Доне Мунде пятьдесят лет. Про возраст она помнит. Но, похоже, не уверена, что жива. Зато заранее чувствует себя овдовевшей. «Полувдова», прозвали ее в поселке. Потому и в доме все время темно. Когда вы заранее в трауре, врасплох вас горе не застанет: все уже готово к развязке. Сколько врач ни пытается ее переубедить, она-то знает: мужу скоро конец.
— Бартоломеу упоминал об оплате. Он что-то знает?
— Этот никогда ничего не знает. А чем меньше знаешь, тем больше подозрений.
— Я уже говорил, дона Мунда: то, что я делаю для вас — не работа. Ни о какой оплате речи быть не может.
— Теперь этому втемяшилось, что хватит мне стирать.
Мунда давно уже зарабатывает на жизнь, стирая белье для местной больницы. Но теперь, когда вспыхнула эпидемия, муж не хочет, чтобы заразное белье малохоликов попадало во двор его дома. Не важно, что простыни уже продезинфицированы.
— Ты сама знаешь, Мундинья, — убеждал Бартоломеу. — Микробов дезинфекция убивает, а духам хоть бы что…
Тем не менее приказ супруга не был выполнен беспрекословно, а, напротив, подвергся обсуждению. Порешили на том, что жена механика будет стирать белье, не стелившееся в изоляторе для малохоликов.
— Посмотрите на мои руки, доктор Сидоню. Вы тоже считаете, что руки у меня больные?
Врач смотрит на женщину, мысленно сравнивая ее с дочерью, Деолиндой.

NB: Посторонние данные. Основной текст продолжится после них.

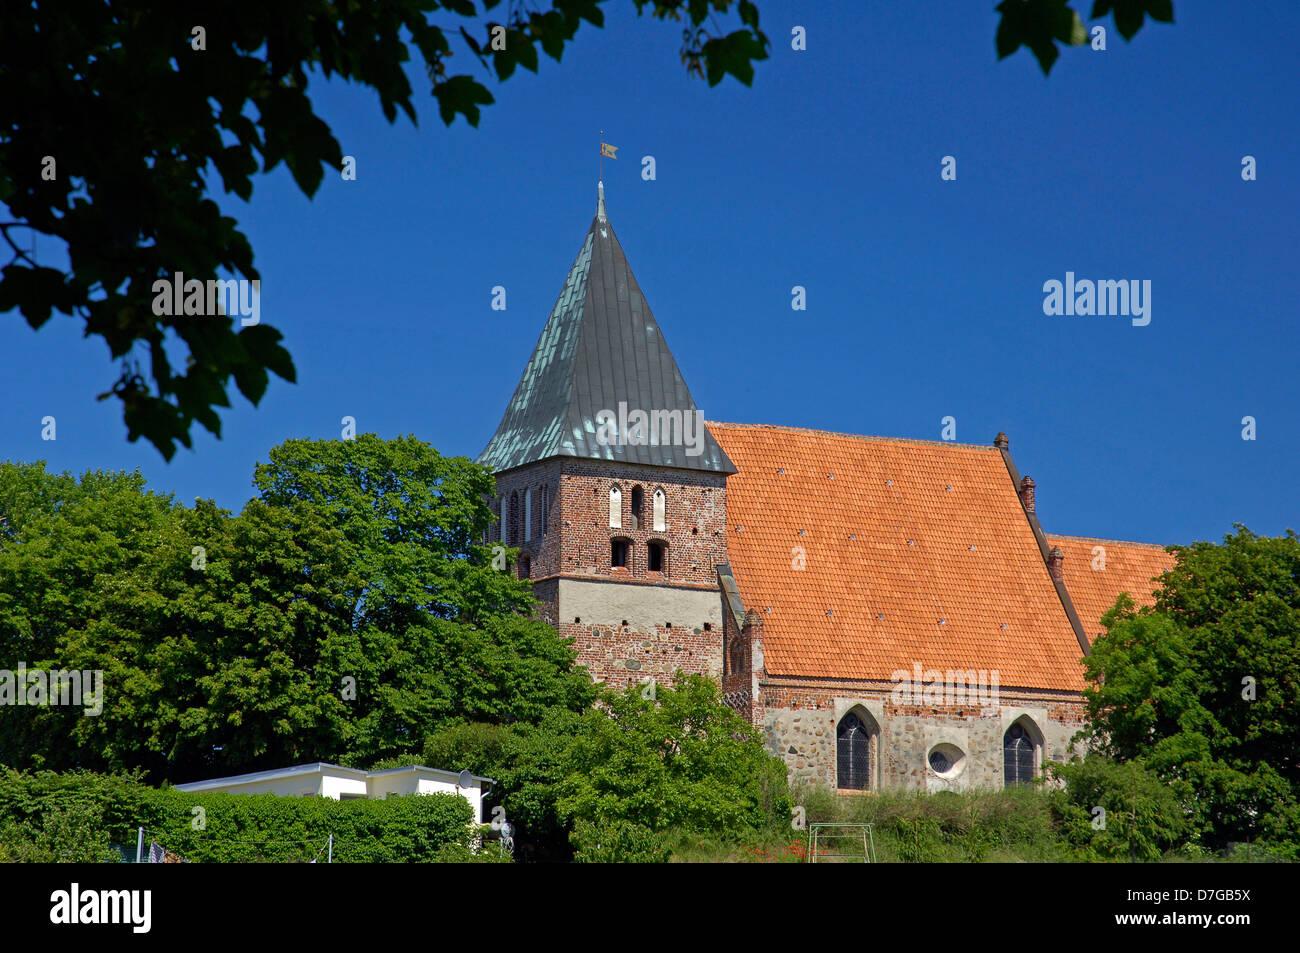 Germany, Mecklenburg-West Pomerania, island Rügen, fieldstone church Bobbin - Stock Image

Дона Мунда — мулатка. В округе не слышали ни об одной другой мулатке, которая вышла бы замуж за негра. С ее стороны это был смелый шаг. Пришлось порвать с семьей, обвинившей ее в том, что она «портит породу». Бартоломеу Одиноку тоже вынужден был порвать со своими. Привести мулатку в семью — дерзкий поступок, более того: предательство. «Но она почти негритянка», — убеждал он. «Мулаты считают себя черными, только когда им это выгодно», — ответили ему.
В тот день, когда Бартоломеу Одиноку, в лучшем костюме лучшего друга, явился к родителям невесты, он торжественно заявил:
— Я не негр.
— А кто же ты тогда?
— Я мулат крайней степени мулатства.
Несмотря ни на что хваленая порода вопреки предсказаниям не «испортилась». Деолинда родилась светленькой, кожа у нее была еще светлее, чем у матери, ну а кожа в потаенных местах — и говорить нечего.
— Да, она действительно везде очень светленькая, — подтверждает Сидониу.